This does not itself excuse what the player did, but I actually agree with some other posters, again based on what I read in the first post, that the GM did not handle the situation very well or very fairly. He's also punishing the entire party for the actions of a single, drunken player, which doesn't strike me as cool.

I think both the GM and the player need to be talked to about the situation before any in game solution is met. These are problems caused by power issues that both the GM and the player have each in their own contribution to the situation, not by an in-game dilemma, and thus appropriately need to be dealt with out of game.

For the GM, discussion of initiative and surprise rounds is in order, as well as fairness.

For the player, a discussion that the game is cooperative, not competitive.

Depending on the situation, he might also be asked not to drink at the table. We have booze at our games sometimes, but no one drinks to excess and apart from some over the top roleplaying at times, no harm is done. This is the kind of thing that needs to be assessed from group to group.

Sovereign Court

demontroll wrote:

I've been in many games where other people drink to excess, but they are not jerks or do exceptionally stupid things. Don't let this person use the excuse that he was drunk. He did it because he wanted to be a jerk (or role play being a jerk).

That said, this is a role playing game, and just play it out and try to have fun with it. Obviously there will be consequences to his actions, but that can be fun in its own way.

I guess it depends on the player's intent. Was he trying to derail the game and ruin the fun for the others? Or was he just trying to have some off the wall fun?

Agreed, I've played whilst drunk many a time and I've never derailed an adventure or got characters in trouble because I was drunk.

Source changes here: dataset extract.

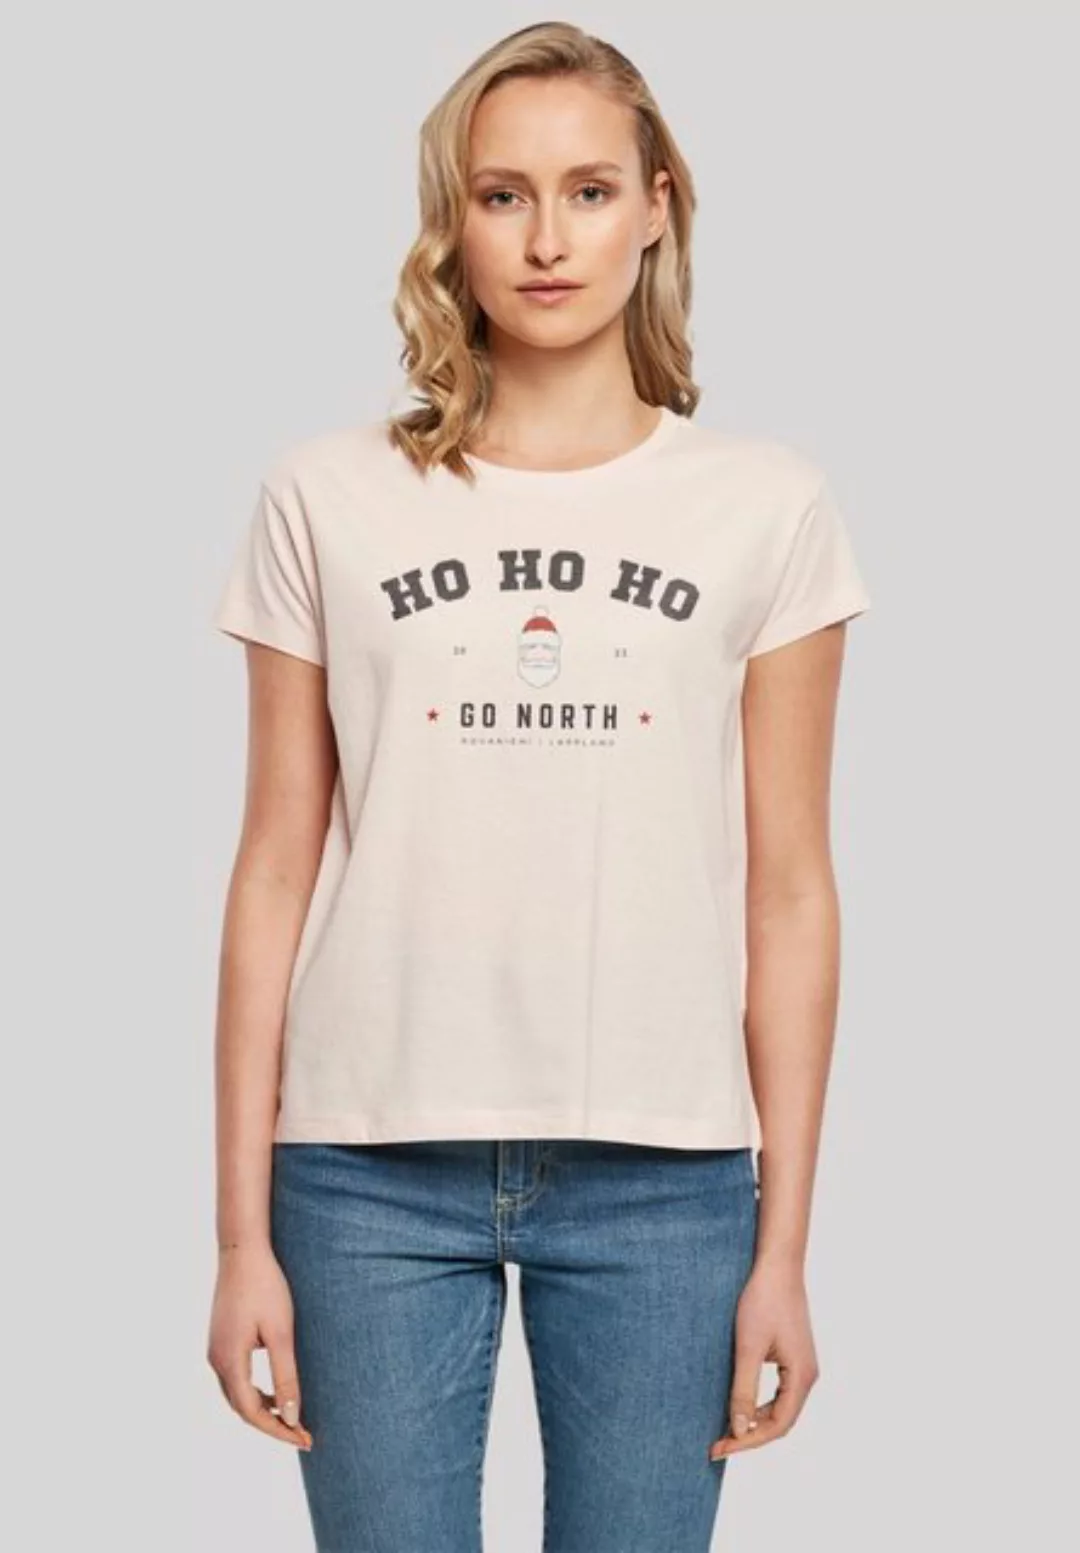 F4NT4STIC T-Shirt "Ho Ho Ho Santa Claus Weihnachten", Weihnachten, Geschenk günstig online kaufen

I guess this all comes back to my number-one GM rule: everyone has to play Good characters. It saves so much unnecessary hassle.

Dark Archive

TimD wrote:
This is 100% on the GM.

Am I the only one who doesn't see this as a combat scenario? I don't see any combat here. I see one guy killing another guy, that's all. We're not talking about something that will fight back, and likely doesn't have the ability to fight back. The NPC here is functionally identical to an inanimate object. The GM does not call for initiative or involve a surprise round when one player wants to break an inanimate object.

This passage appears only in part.